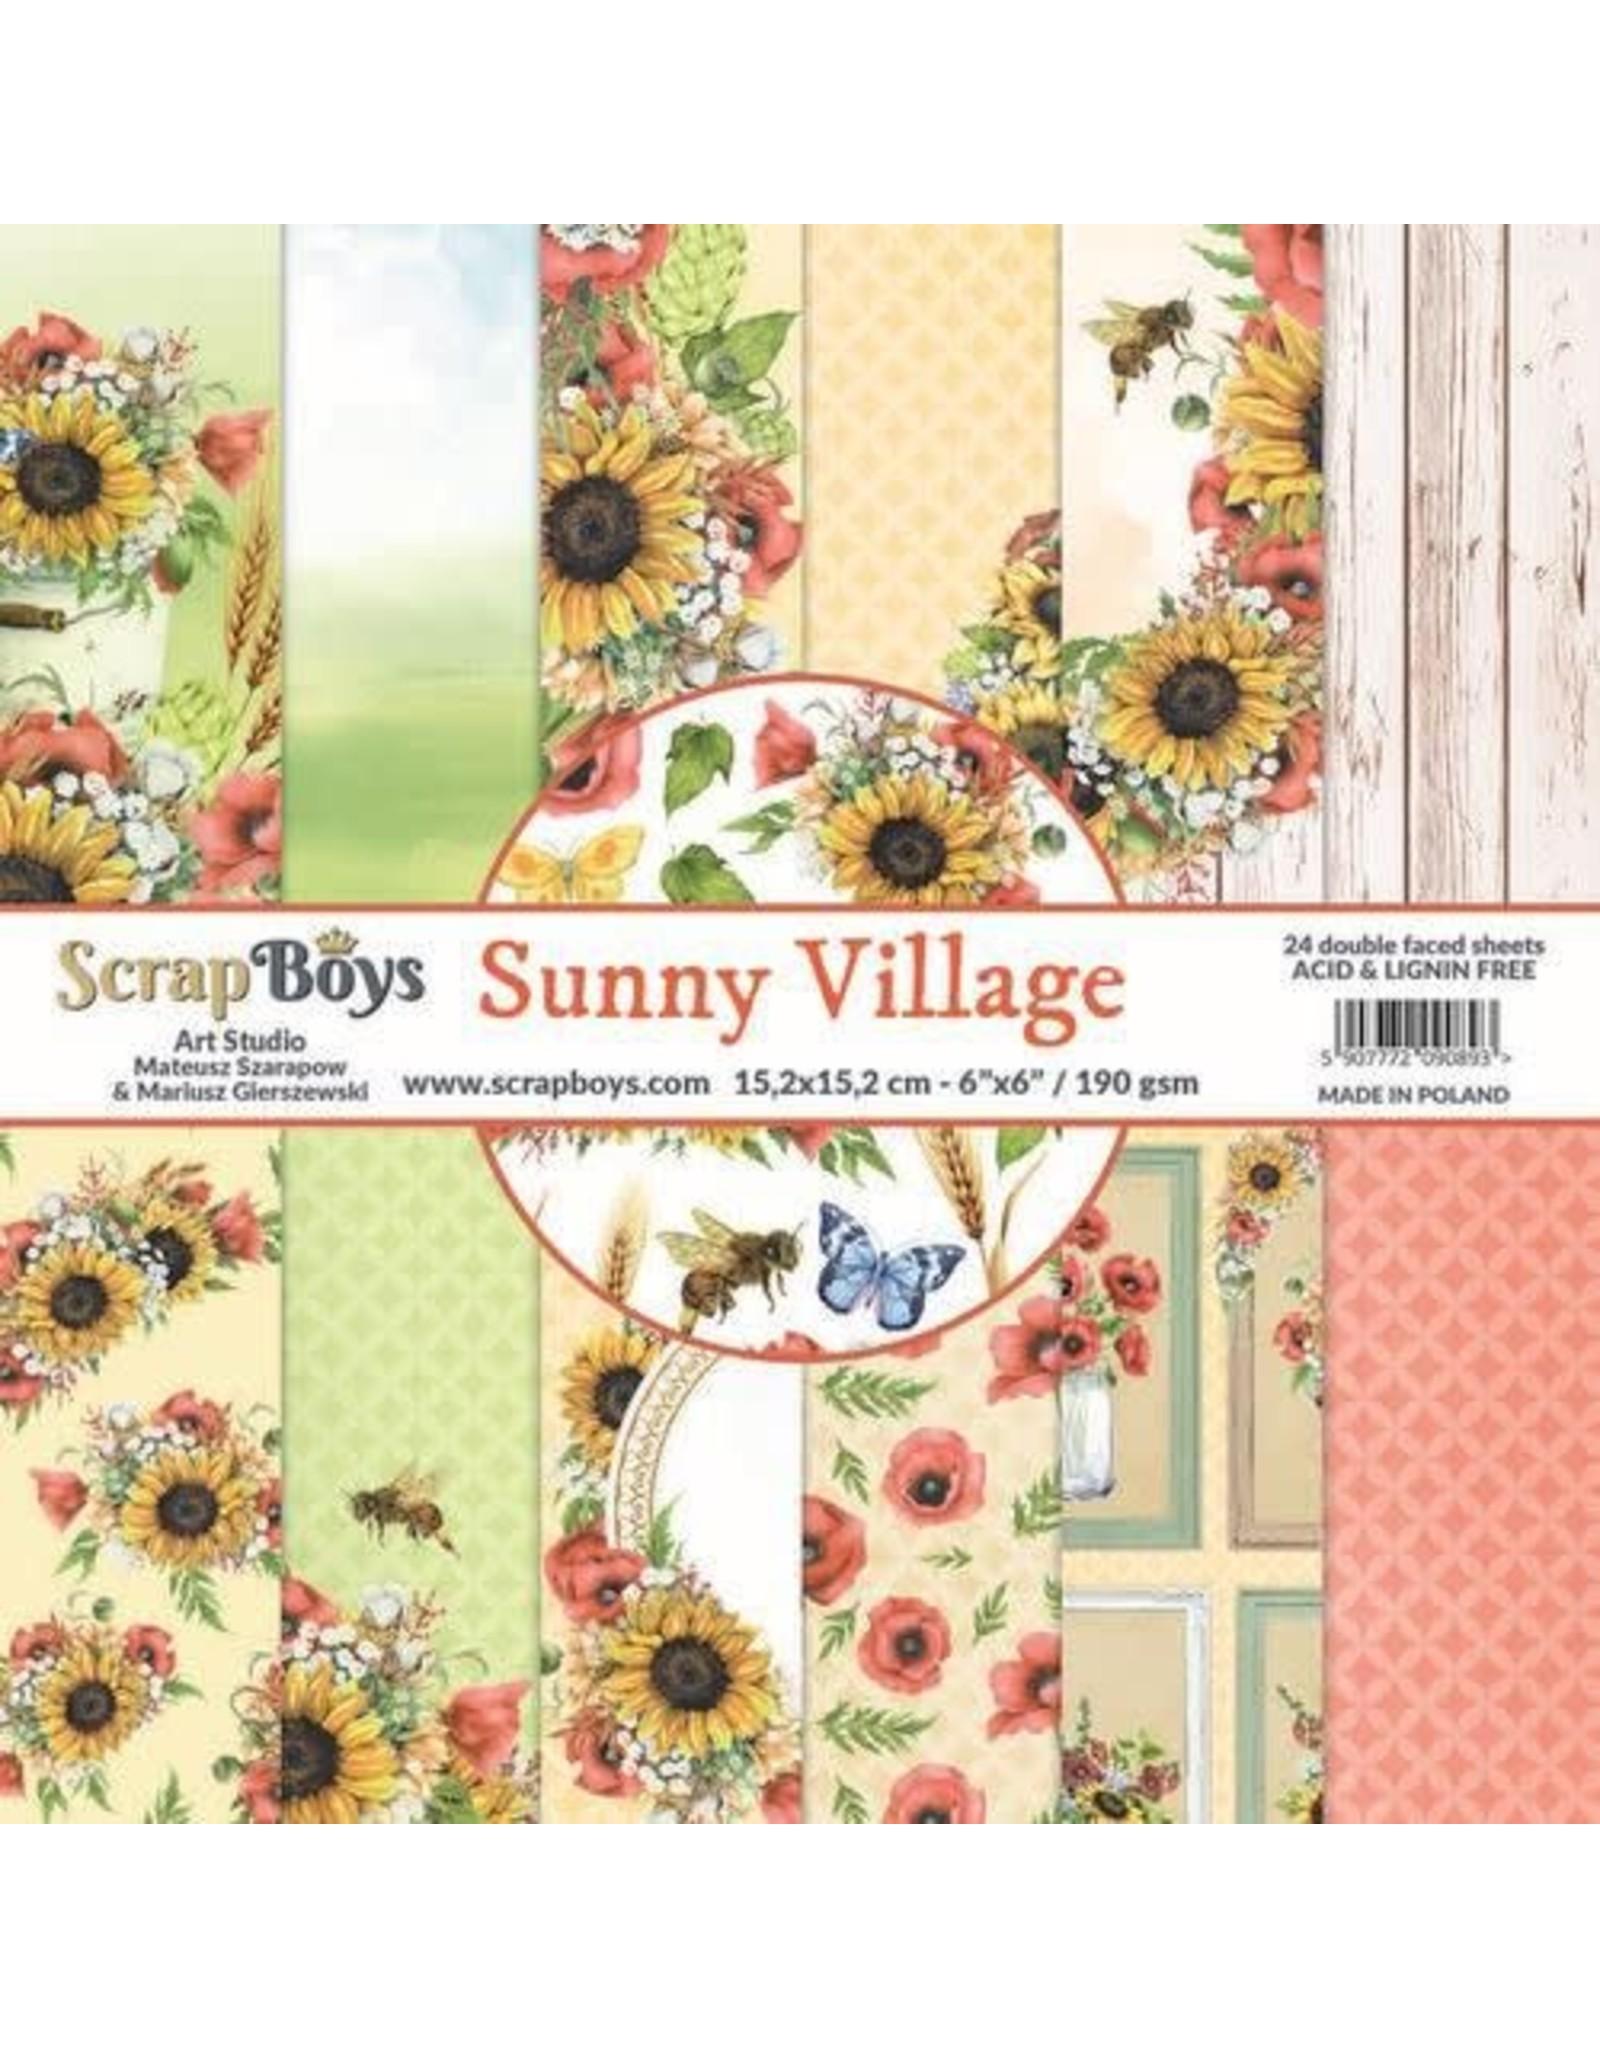 Scrapboys ScrapBoys Sunny Village paperpad 24 vl+cut out elements-DZ SUVI-09 190gr 15,2 x 15,2cm
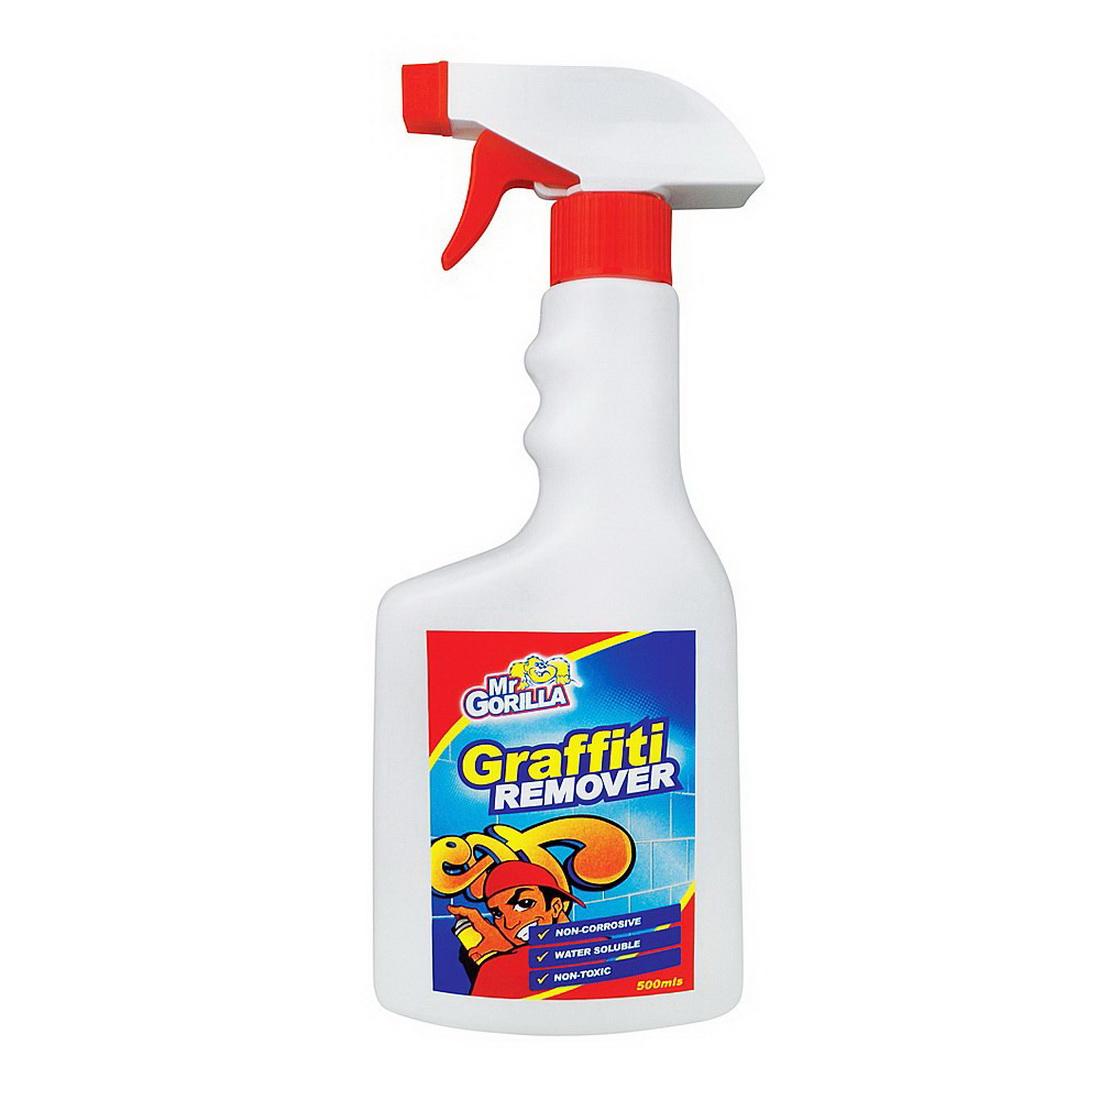 500ml Graffiti Remover Spray Clear
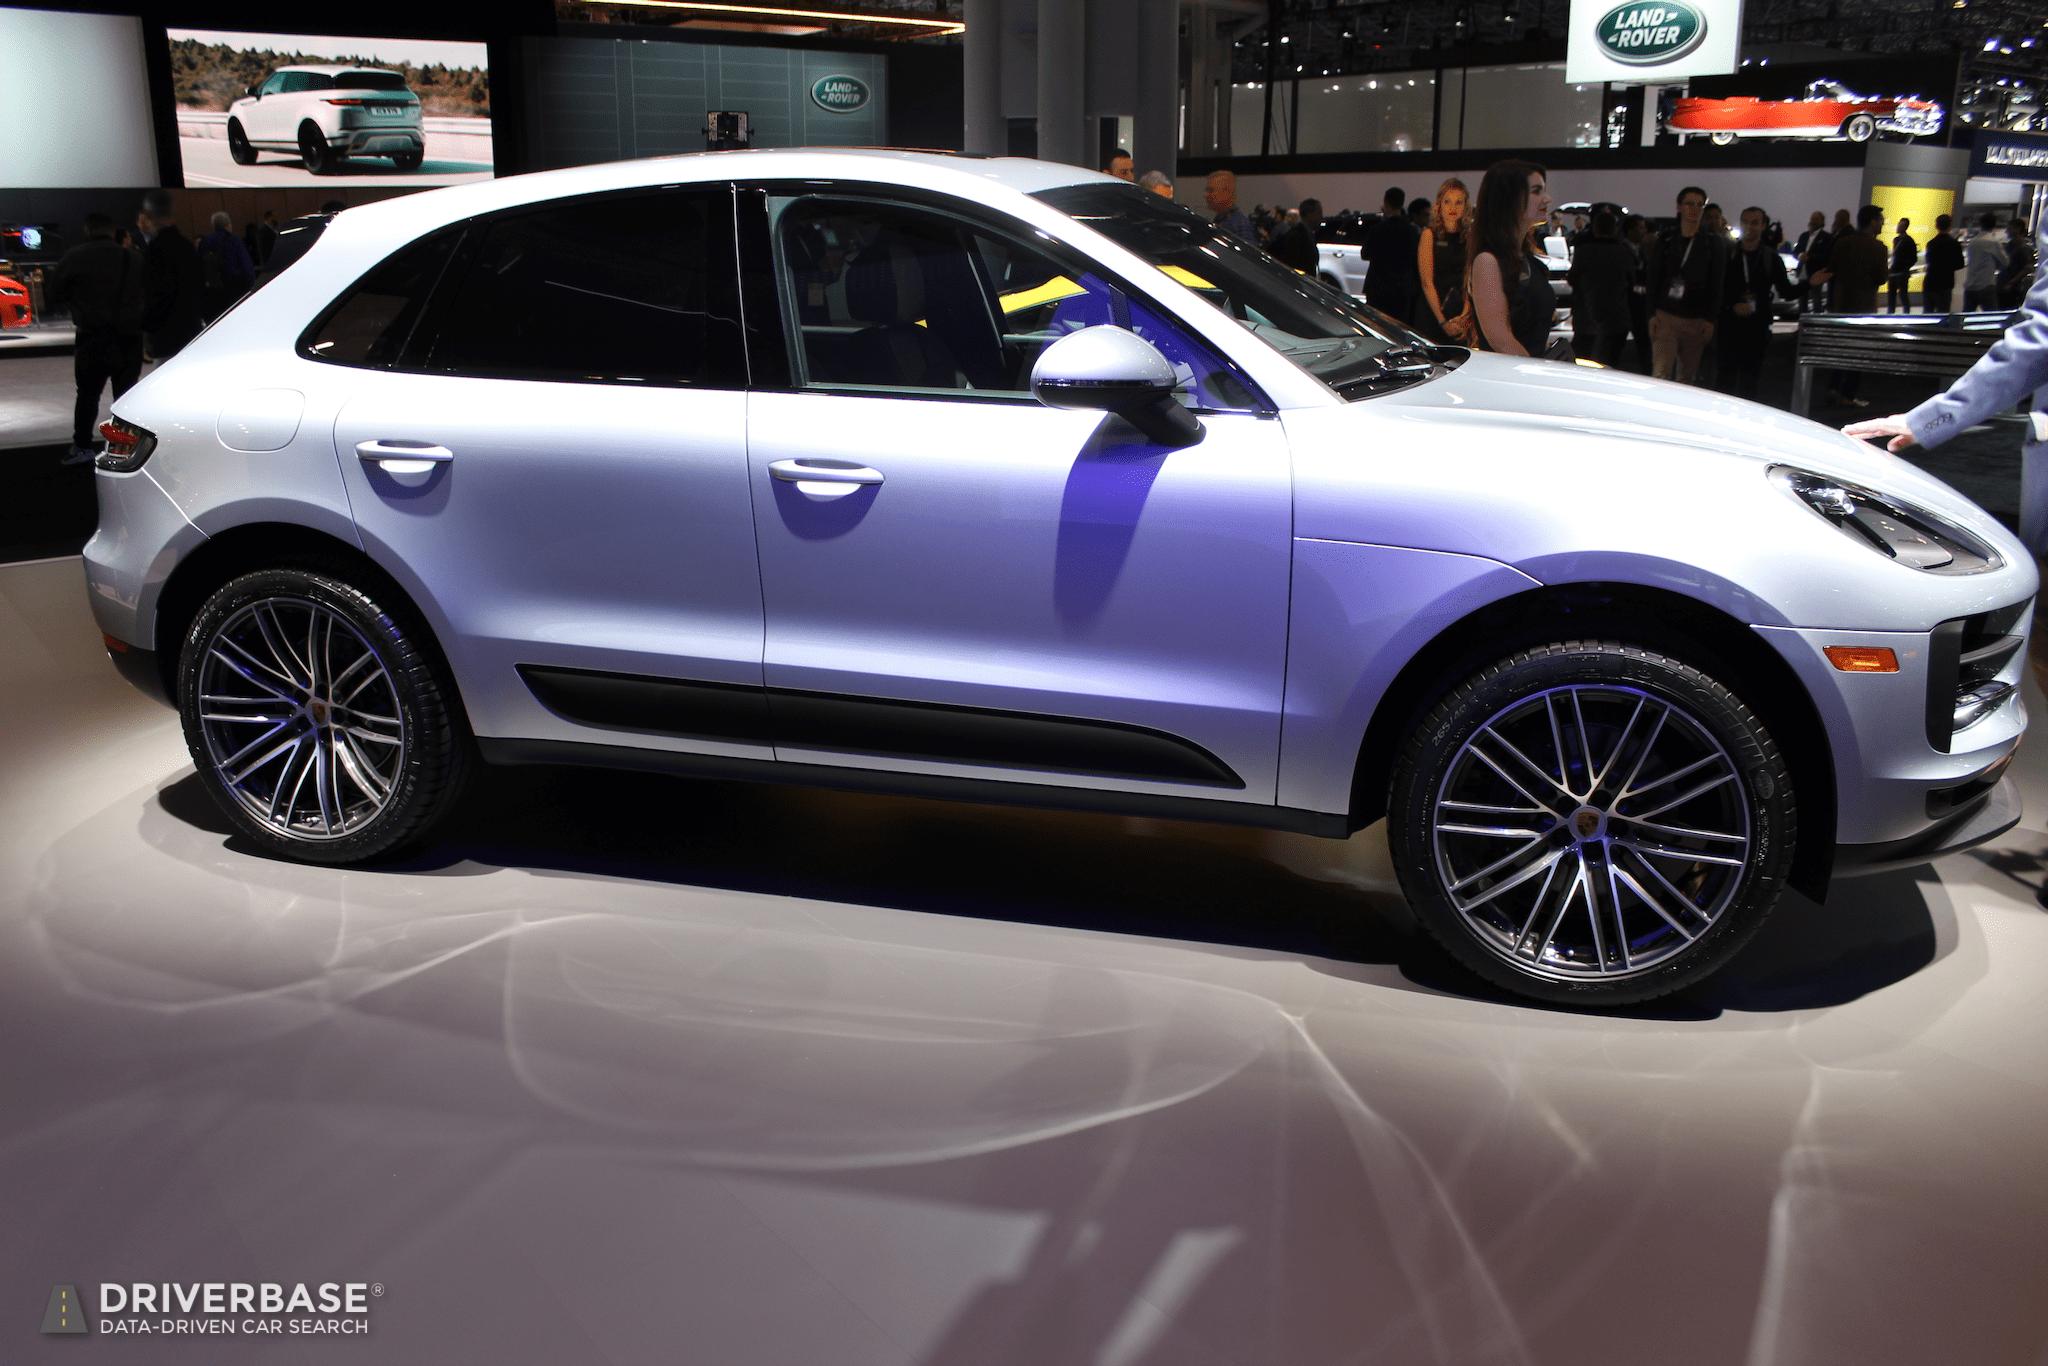 2020 Porsche Macan S, GTS, Interior, Hybrid - 2020 Best ...  |2020 Porsche Macan Suv
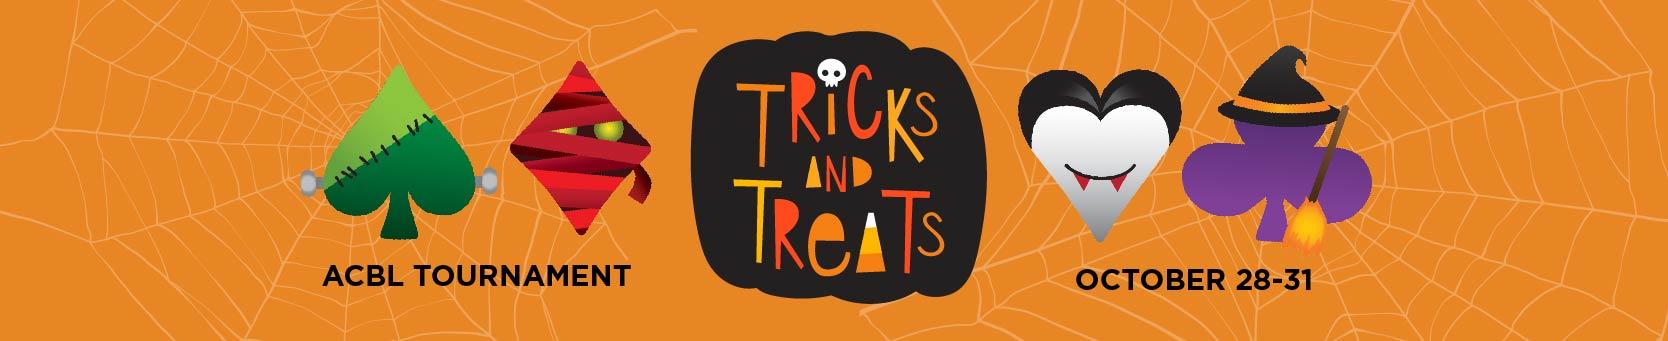 Tricks and Treats ACBL Tournament
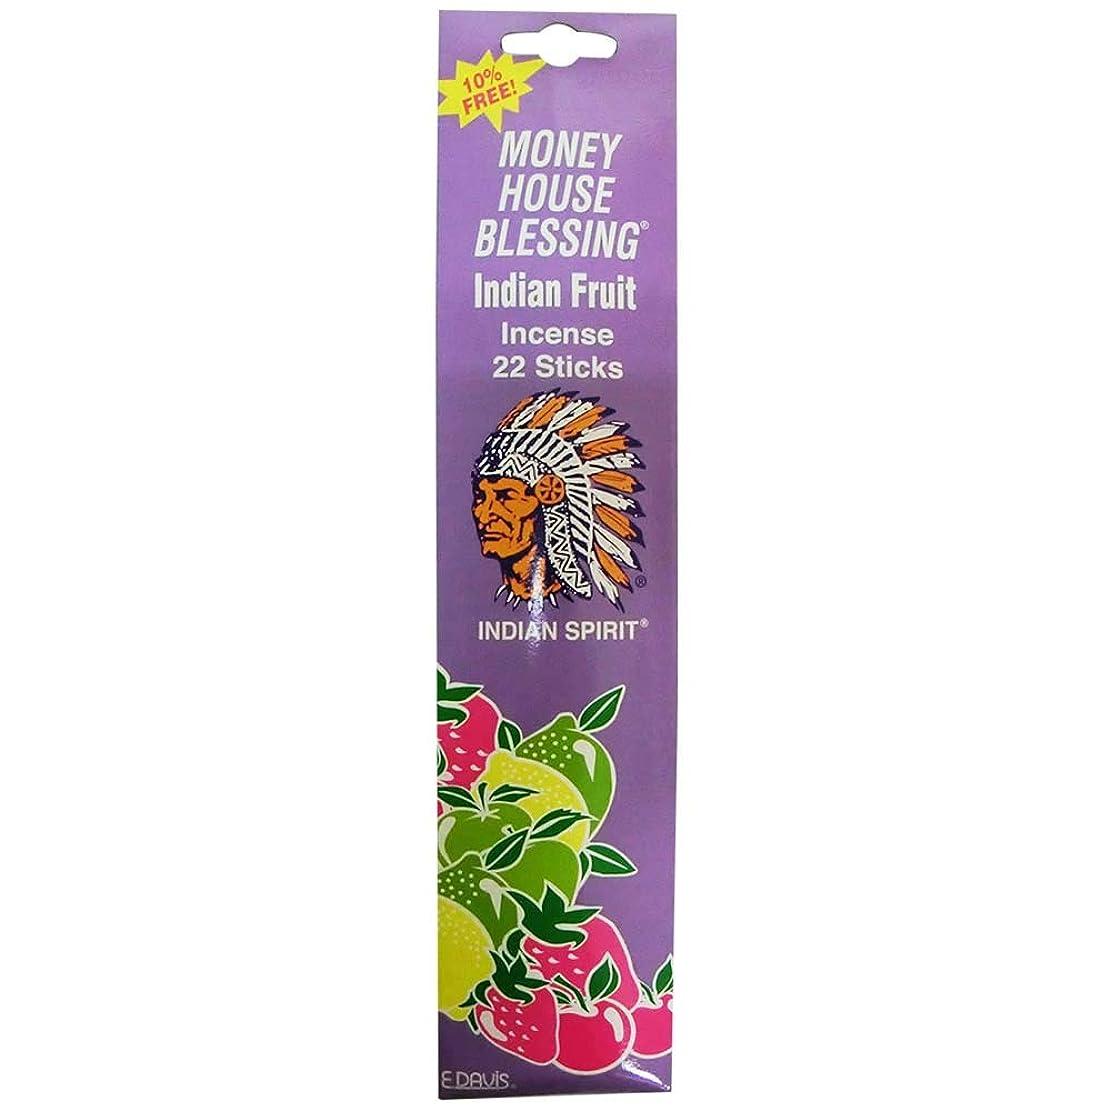 トレイル魅惑する応援するMoney House Blessing Incence Indian Fruit スティックインセンス

**GOAL OF THE EXERCISE:** Take the line with "500ml Graffiti Remover Spray Clear" and every line after it through the end of the data, and write only them out exactly, leaving out the pictures.

**TASK RESULT:**
 500ml Graffiti Remover Spray Clear
 2020 Porsche Macan S, GTS, Interior, Hybrid - 2020 Best ...  |2020 Porsche Macan Suv
 Tricks and Treats ACBL Tournament
 トレイル魅惑する応援するMoney House Blessing Incence Indian Fruit スティックインセンス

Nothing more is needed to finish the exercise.